What the exercise asks =
With the material below, print exactly the lines between the line holding "Cabin Crew Text Designed Travel Mugs" and the line holding "Degree Deodorant, as Low as $2.24 on Amazon", inclusive. Add nothing else.

Records supplied =
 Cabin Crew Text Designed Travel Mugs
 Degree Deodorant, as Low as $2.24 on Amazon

---

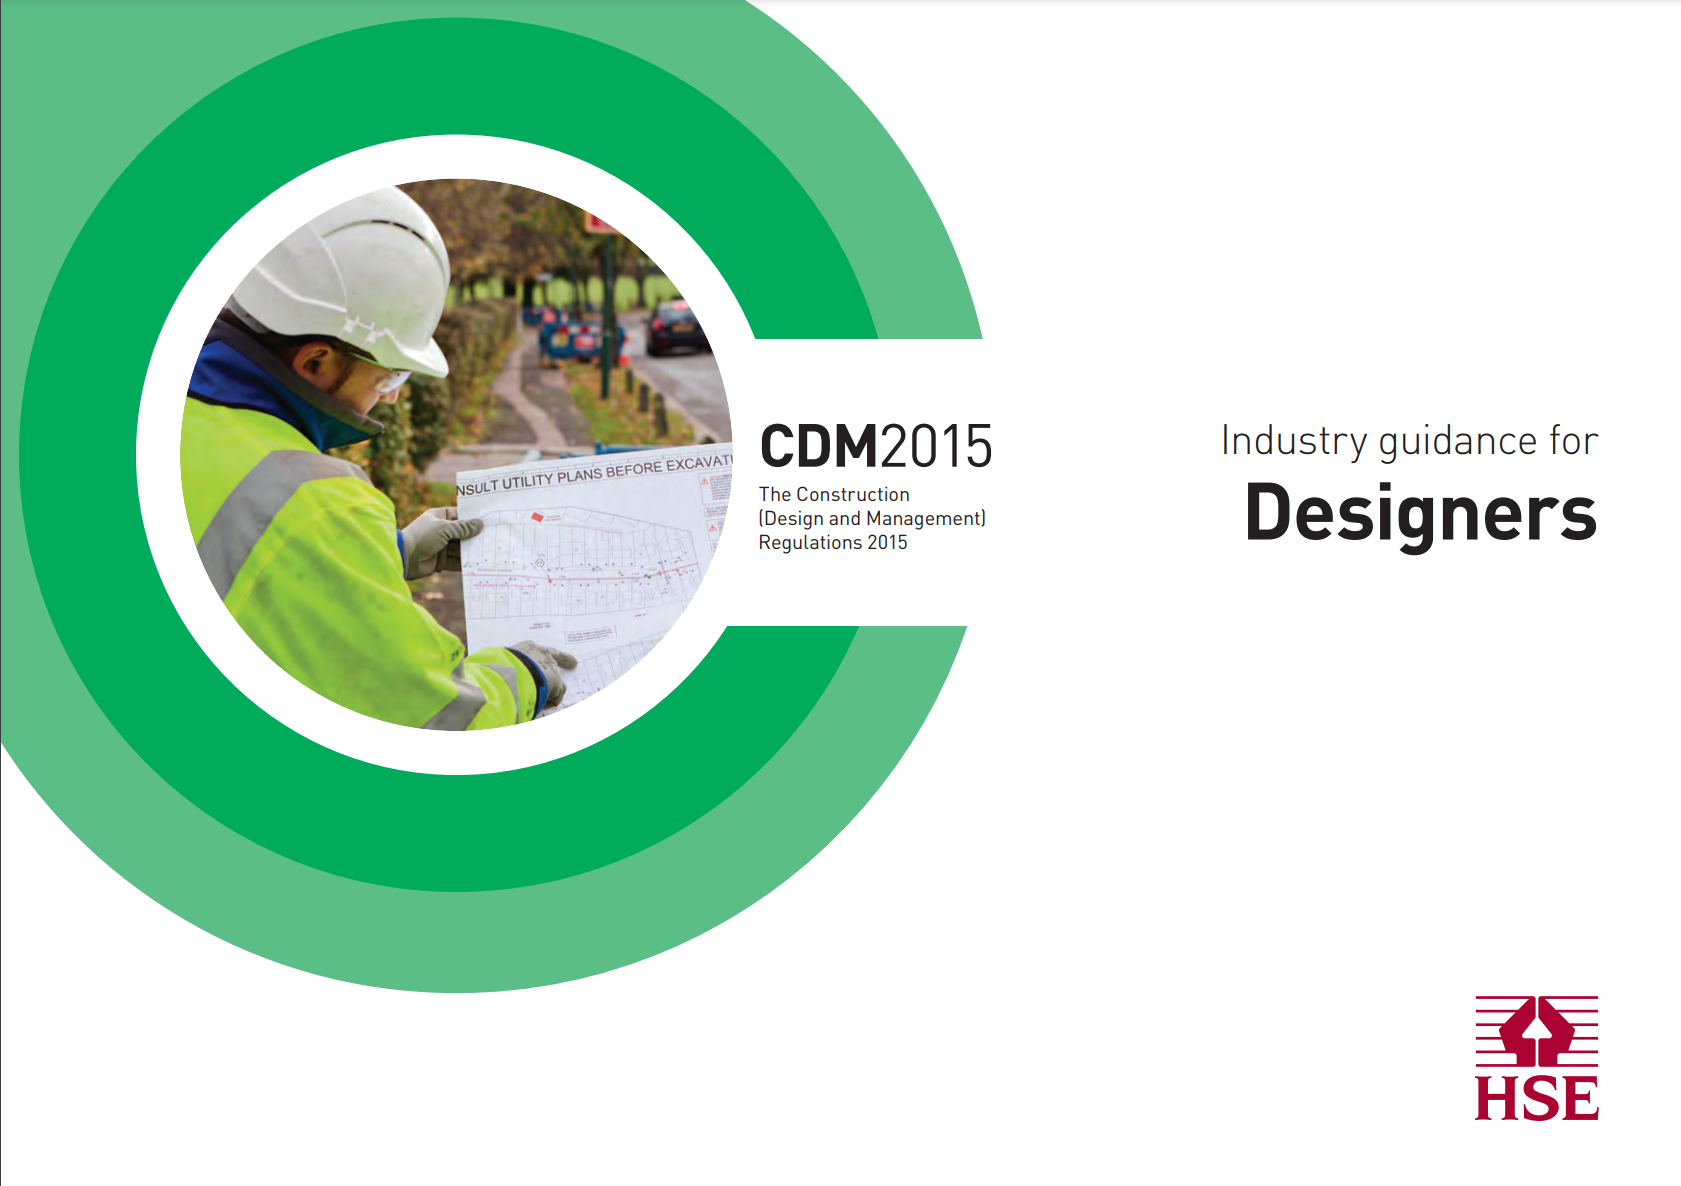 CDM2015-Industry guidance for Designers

Written solution =
 Cabin Crew Text Designed Travel Mugs
 Degree Deodorant, as Low as $2.24 on Amazon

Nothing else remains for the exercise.